As a culture, we put a lot of emphasis on what people do (or don’t do) for a living, and when you’re unemployed it can be easy to fall into the trap of feeling “less than” simply because you’re not currently working.
As a person, you’re so much more than your job title – or lack thereof. Instead of letting this question get you down, use it. Here are some ideas to reframe your employment status, and turn the question “what do you do?” into a meaningful conversation.
Give a professional bio
It may be tempting to use every new meeting as a networking opportunity, but remember that you need to build up an actual relationship before straight out asking for a favor.
Instead of saying, “I’m looking for work, know of any?”, give your new contact a brief (brief!) professional bio, and let him or her know what type of work you’re currently looking for. If the two of you hit it off, your contact may volunteer leads without you having to ask.
Tell your new contact what field you worked in and the types of opportunities you’re looking to pursue right now. If you’re really not sure what your next step will be, say, “I’m exploring my options, but I’m really interested in a job that gets me outdoors/where I can be creative/in nonprofits.”
This could lead to a much more productive line of conversation, and maybe even spark some more ideas for you.
Put yourself in charge
Instead of launching into the whole sordid tale about company layoffs and how long you’ve been looking, say something along the lines of, “I’m taking some time to consider my next step.” Or, “I’m on sabbatical to consider a career change.”
After all, you may not have been in control when you lost your job, but you’re completely in control of what you’re doing with your life now. Reframing your situation as something you chose can help shake that feeling of disempowerment and frustration that sometimes comes with unemployment, and it might even impress your new contact with how proactive you are.
Answer with what you’re actually doing right now
One woman I met at a networking event told me that she was in the middle of an extended adult summer camp when I asked what she did. She was throwing out feelers for work, and planned to dive into the job search fully at the end of the summer, but at the time she was enjoying as many outdoors activities as she could. She was giving herself the vacation she never took at her last job.

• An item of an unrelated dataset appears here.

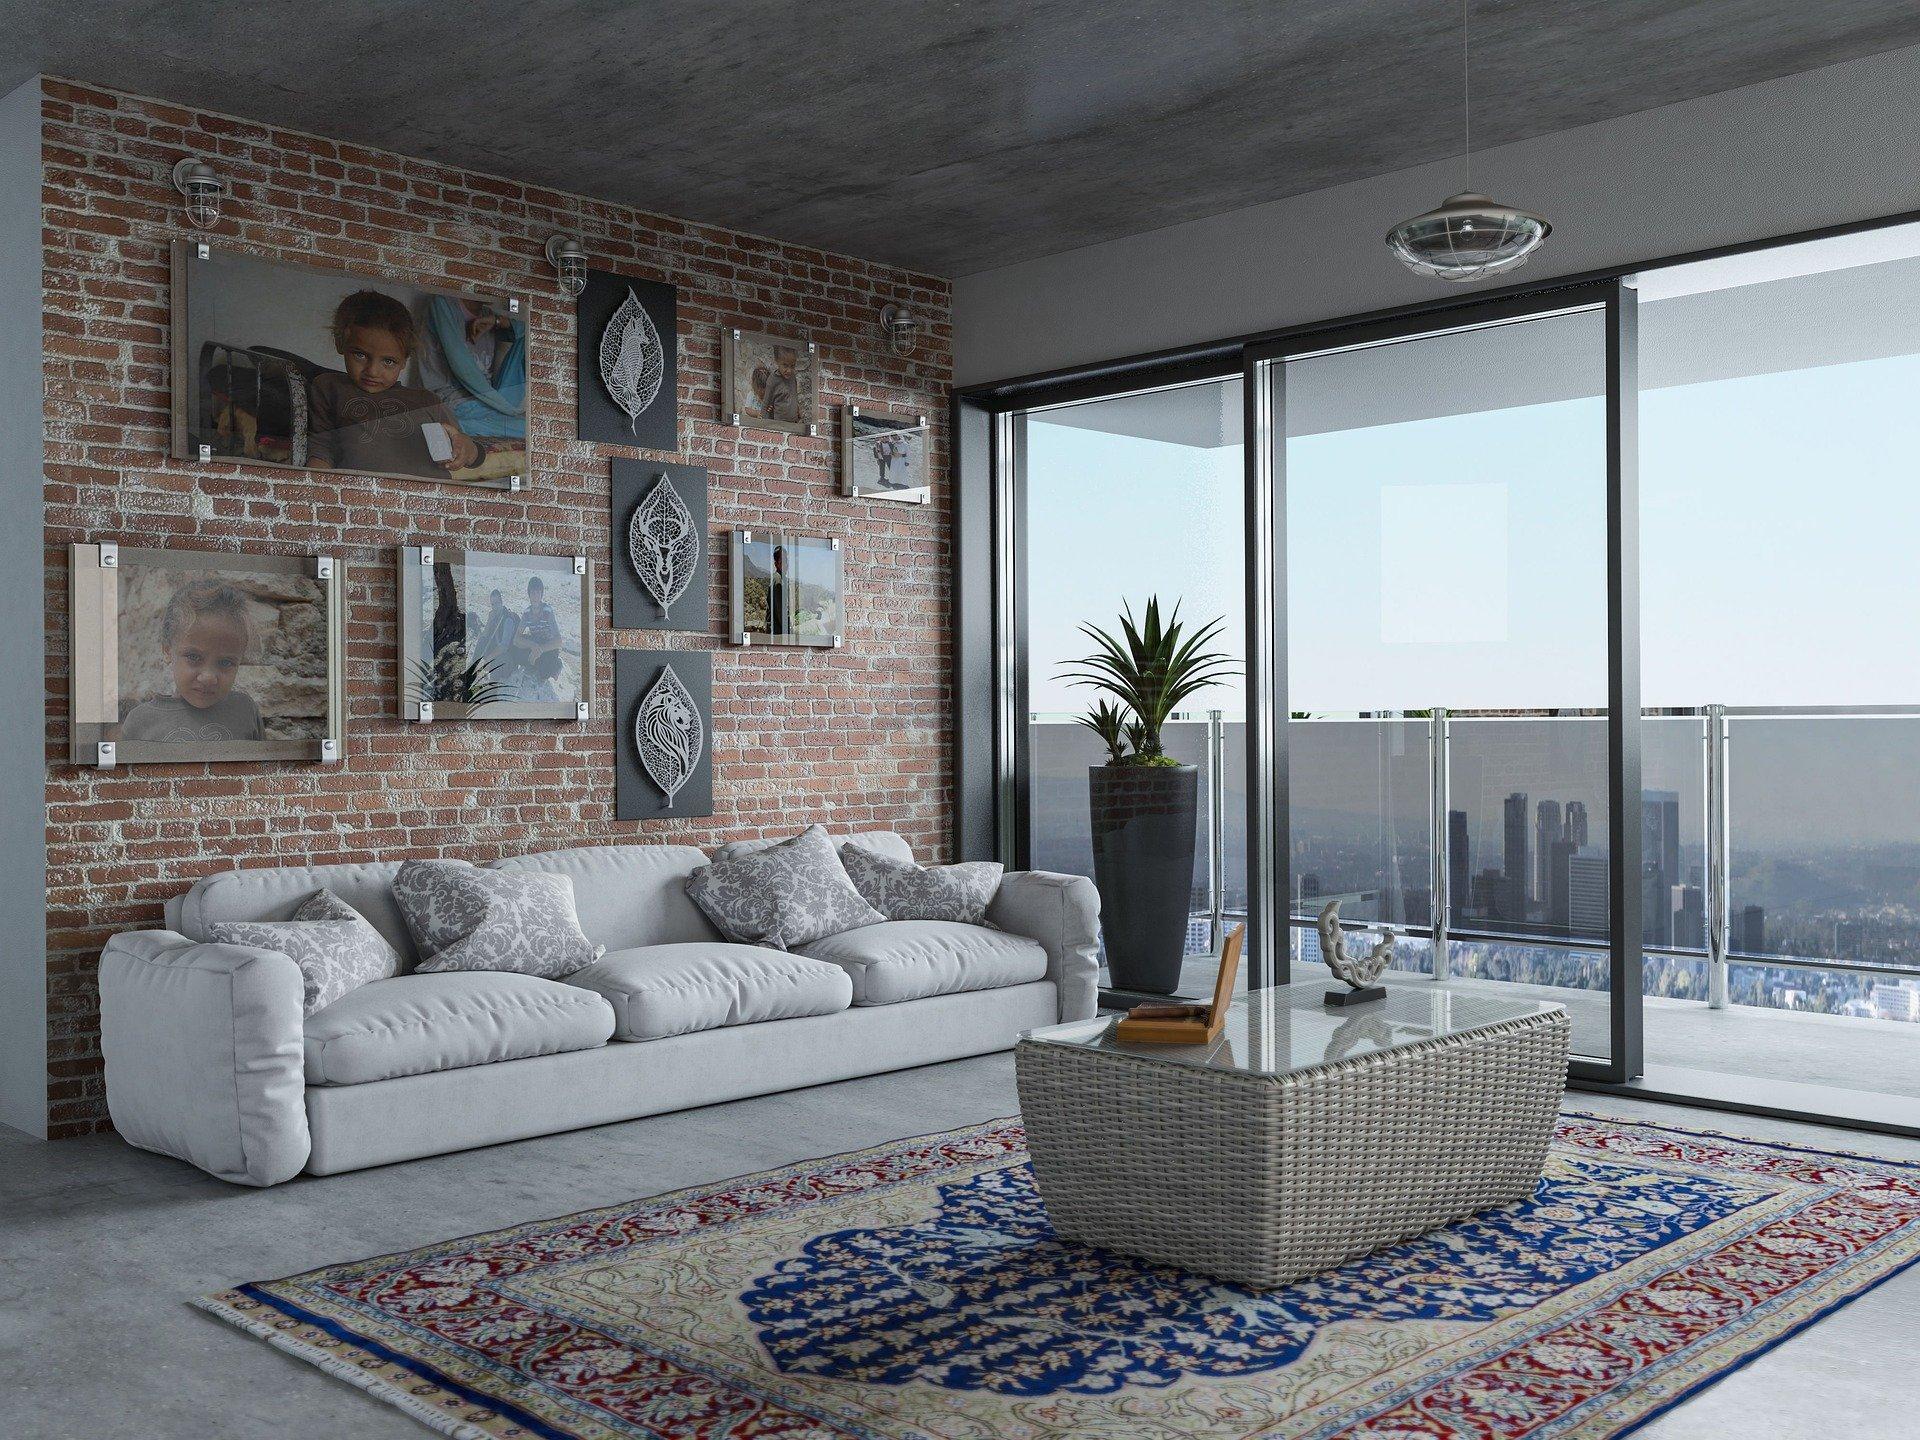 布艺沙发厂家发挥创意风格,如何在布艺中溶化文化

Use this opportunity to showcase what you’re really passionate about. Maybe you’re taking your unexpected downtime to volunteer at a charity, or learn a new skill, or tackle a passion project. Just share your passions, and any awkwardness about your employment status will be washed away.
Deflect the question
If you really don’t want to talk about it, simply say “I’m transitioning right now,” or “I’m in between jobs,” and then change the topic by asking the other person about themselves. This sends a clear signal that you’re not interested in further questions, without bringing an air of desperation into the conversation.
Or, sidestep the issue of your employment with something like, “I’m in finance,” before changing the subject. This will let them happily believe you mean you’re employed in finance.
You could even inject a bit of humor into the conversation, by saying something like, “Well, that’s enough shop talk for now! Did you catch the game last night?”
Whatever your answer, stay focused on the positive. That’s what your conversation partner will remember about you – not what your employment status is.